Cuba’s Director of the Classical Ballet Complains That Her Dancers Are Only Talked About When They Flee

Regina Balaguer, in the presentation of the National Ballet of Cuba in Madrid. (Casa América)

14ymedio bigger14ymedio, Madrid, August 2, 2023 — There are only four days left for the Classical Ballet of Cuba (formerly Ballet de Camagüey) to finish its tour of Madrid, where it has presented Swan Lake since the beginning of July after its performances in Barcelona. The question, as in any trip of this nature, is whether the entire body of dancers will return to the Island, a question that offends its director, Regina Balaguer — also a deputy in Cuba’s National Assembly of People’s Power — who gave an interview to the Spanish newspaper El Confidencial in which she talks about the regime’s relationship with artistic discipline.

“We did a tour in 2018 and no dancer stayed behind. We all returned to Cuba. Those are things that are not talked about much. They always talk about the one who stays or the problem,” answers Balaguer, to whom the editor submitted a multitude of questions related to the policy that the official wanted to avoid. “We come to Spain and any country to show our art, to do culture, and not to talk about politics,” she reiterates.

The director of the Classical Ballet, however, is the first to mix both topics, although spurred on by questions from Ana Ramírez, the journalist, who urges her to talk about the diplomatic use of dance. “The ballet took root very soon in Cuba with the figures of Fernando, Alicia and Alberto Alonso. Since the triumph of the Revolution, Fidel himself approached them to give them all the support they needed to have a company,” she says.

The official explains that the cultural policy – which she attributes entirely to Fidel Castro – has made an art as elitist as ballet a cross-disciplinary one on the Island, thanks to the free system in which there are even vocational workshops in which there are no aptitude tests – “everyone who wants can enter.” In this way, whomever progresses, becomes professional; whomever does not, becomes a spectator.

In long passages, Balaguer exposes to the Madrid milieu – resorting to mythological remarks, such as the one at dawn when Castro appeared before Alonso with an offer of $200,000 to open the company – the characteristics of the ballet on the Island, inherited from its founders. The official affirms that femininity in the dancer and masculinity in the dancer emerge in the Cuban school, also marked by the Latino character.

This journalist consulted about it with the dance critic Roger Salas, who writes for the newspaper El País, and obtained a devastating response. “As much as the story is embellished politically, the Cuban school of ballet is nothing more than a continuation of the North American school,” he explains. The expert adds the training of Alonso in the US (with Soviet influence) and the very high American percentage (60%) of the members of the first ballet.

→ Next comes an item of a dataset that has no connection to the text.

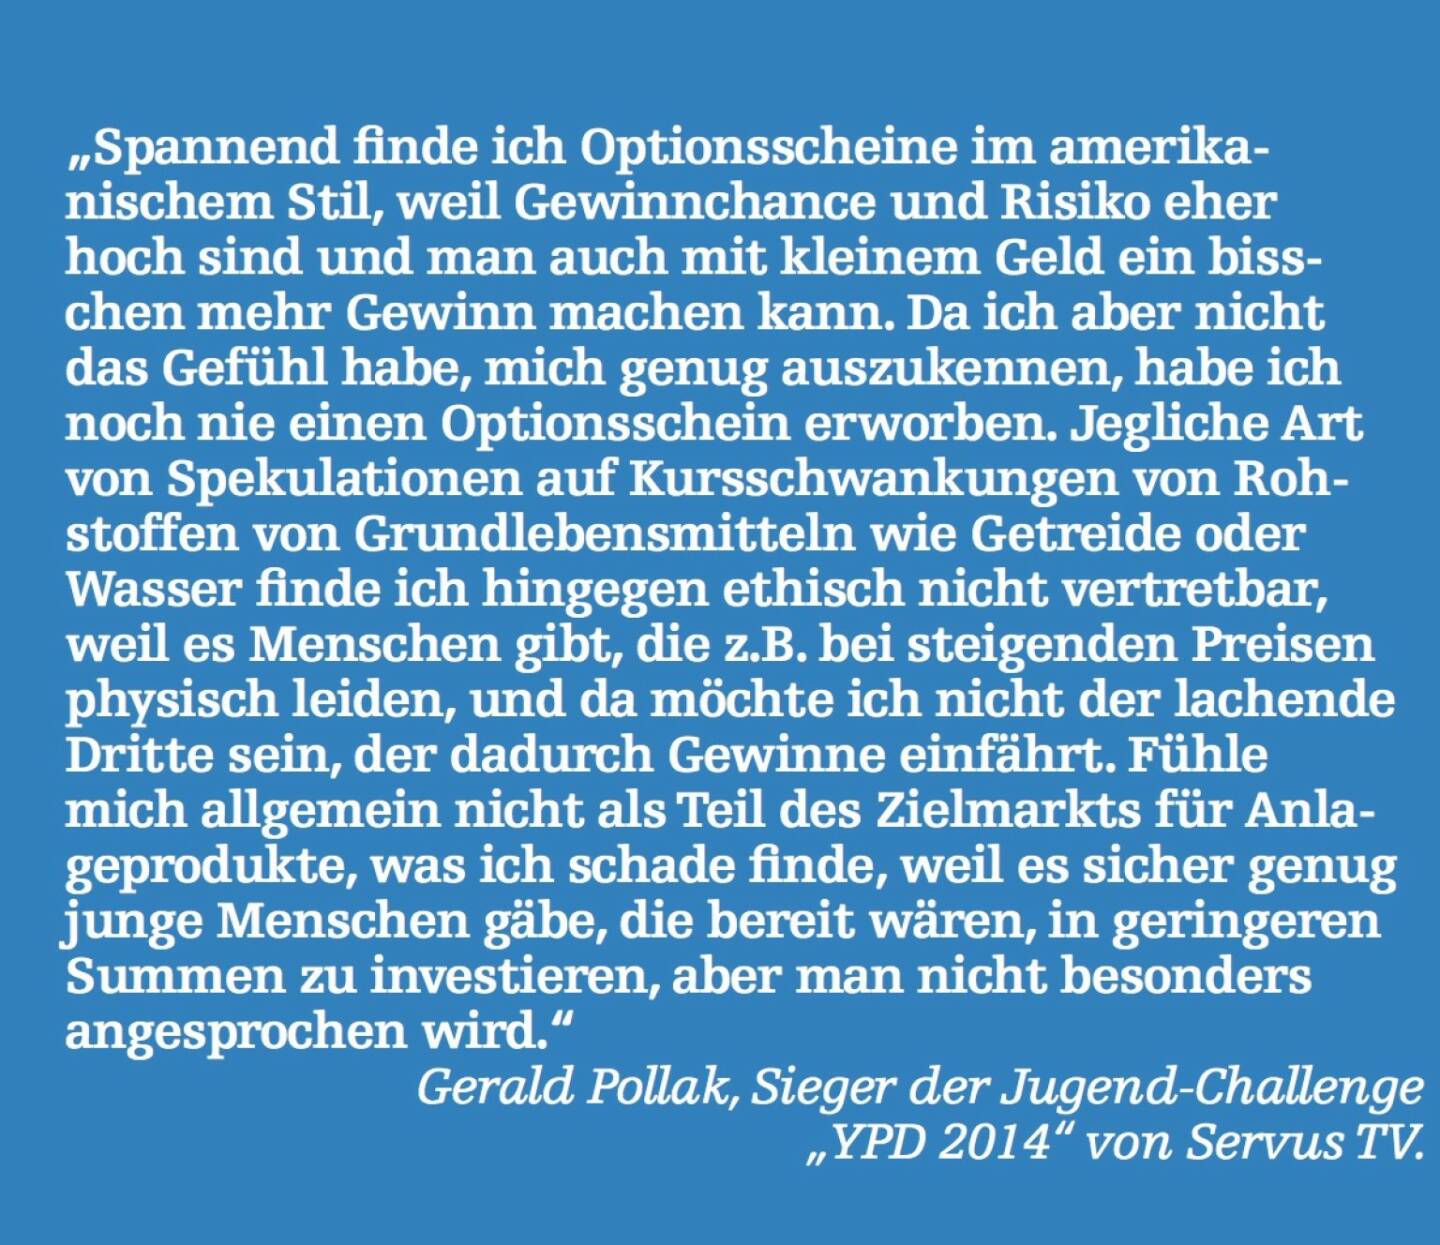 Gerald Pollak, Sieger der Jugend-Challenge „YPD 2014“ von Servus TV.

The interview continues to delve into the path of politics by reminding Balaguer that in 2022 she denounced the importing of Chinese shoes that were of no use to her students. “We have thousands of boxes of shoes that are not useful,” she protested on that occasion. The deputy denies that that statement, pronounced before Parliament, was a complaint. “What we proposed is that we have to be objective with the things we do. Art education is expensive, but it is free in Cuba,” she underlines.

Balaguer insists that everything in Cuba is free and stresses that, in this case, dance is an expensive discipline “and the State assumes it responsibly… I think that the Ministry of Culture and the Cuban State have been very receptive. As always, they are taking a step forward,” she praises.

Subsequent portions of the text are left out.